This preprint from the Euclid Collaboration (arXiv:2604.01309, not yet peer-reviewed) directly addresses a persistent concern in cosmological inference: even if the underlying galaxy density field is nearly Gaussian, the likelihood of measured two-point statistics such as the power spectrum or correlation function can develop skewness and non-Gaussian features due to finite survey volume, non-linear evolution, and discrete sampling. The team modeled this using an Edgeworth expansion that incorporates the full skewness tensor built from one-, two-, and three-point correlators. To simplify computation, they performed a change of basis that reduces the precision matrix to the identity, revealing that off-diagonal skewness elements are consistent with zero while diagonal terms match Gaussian-field expectations.

Methodology involved 10,000 cloned realistic mock galaxy catalogs designed to closely replicate the expected characteristics of Euclid's spectroscopic sample, including shot noise levels. They tested both Fourier-space power spectra and configuration-space correlation functions across varying survey volumes, geometries, and scale cuts. Key finding: including only the diagonal skewness terms suffices for parameter inference, while the full tensor adds noise without improving accuracy. Cosmological constraints remained effectively unchanged, with figure-of-merit variations below 5% compared to the standard Gaussian likelihood.

What much existing coverage misses is the surprising robustness across setups and the dominant role of shot noise in erasing detectable excess skewness on intermediate scales. Earlier smaller-volume surveys occasionally reported stronger non-Gaussianity; this work shows Euclid's larger volume and sampling push the experiment into a regime where Gaussian assumptions hold. Synthesizing with related studies strengthens this picture. A 2018 analysis of BOSS data (arXiv:1809.07286) on covariance estimation highlighted similar noise-driven suppression of higher-order terms, while a 2021 weak-lensing likelihood study (arXiv:2105.12108) found more pronounced deviations in lower-noise photometric samples—suggesting Euclid's spectroscopic channel sits in a sweet spot but combined probes may still need scrutiny.

This tackles a key gap in cosmological inference as noted in our editorial judgment. By confirming the Gaussian approximation works, the paper potentially accelerates reliable constraints on dark energy (via baryon acoustic oscillations and redshift-space distortions) and structure formation parameters without requiring costly full non-Gaussian pipelines.

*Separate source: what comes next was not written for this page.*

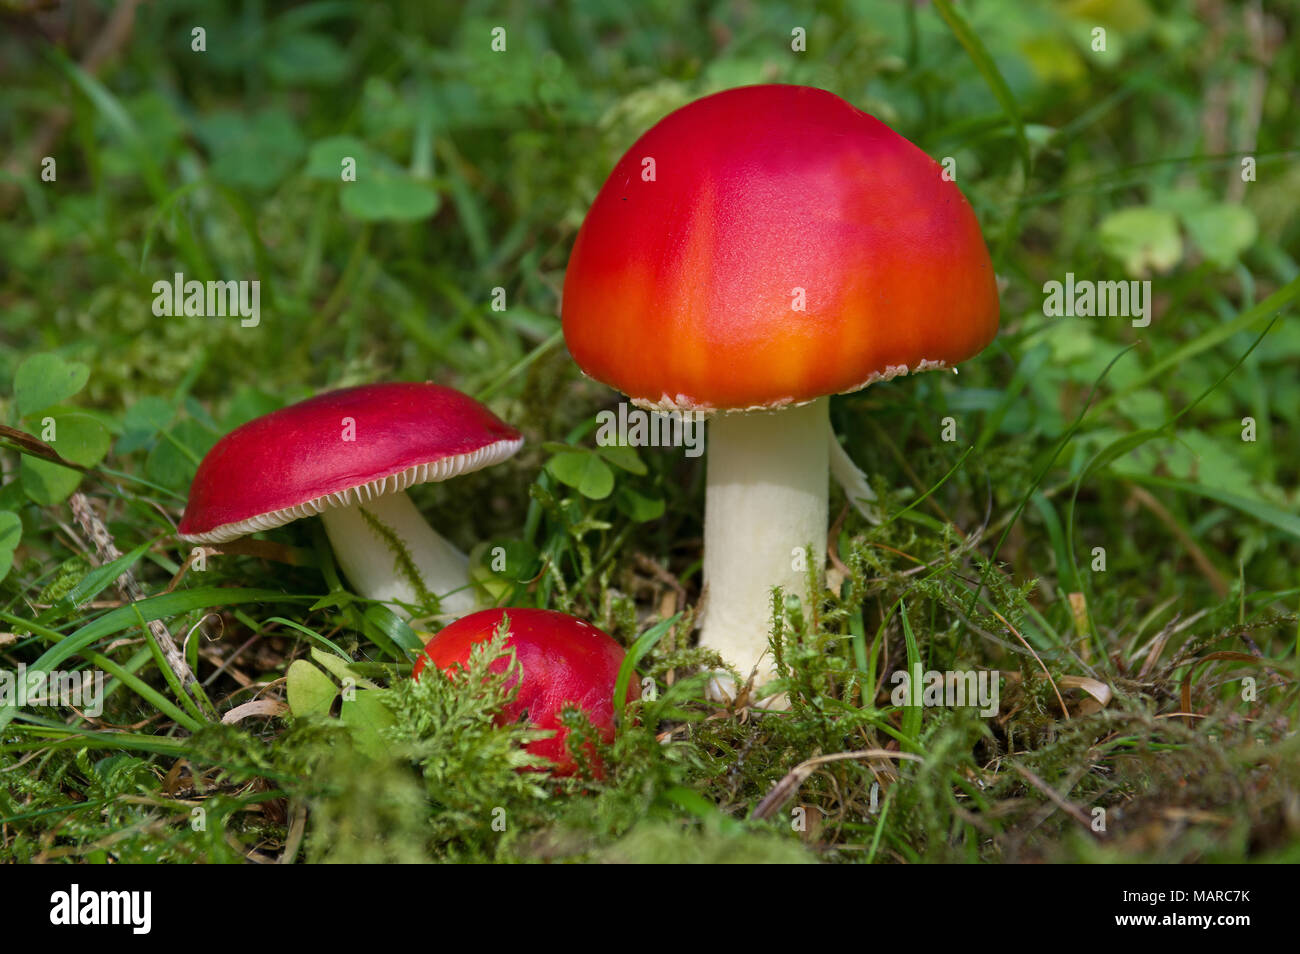 La maggior parte dei funghi rosso un velenoso, quindi prestare attenzione ! In questo caso: Sickener fungo Russula emetico (Russula emetica) a sinistra, Fly Agaric (amanita muscaria) a destra. Germania Foto Stock

However, limitations must be noted: reliance on mocks that assume a fiducial cosmology could mask model-dependent effects, the study focuses solely on the spectroscopic sample (Euclid's photometric galaxy clustering and weak lensing may differ), and it does not yet include all observational systematics such as baryonic feedback or survey masks.

Overall, the result is reassuring for the Euclid mission's timeline: standard analysis tools remain fit for purpose, allowing focus on other systematics that could more significantly impact dark energy constraints.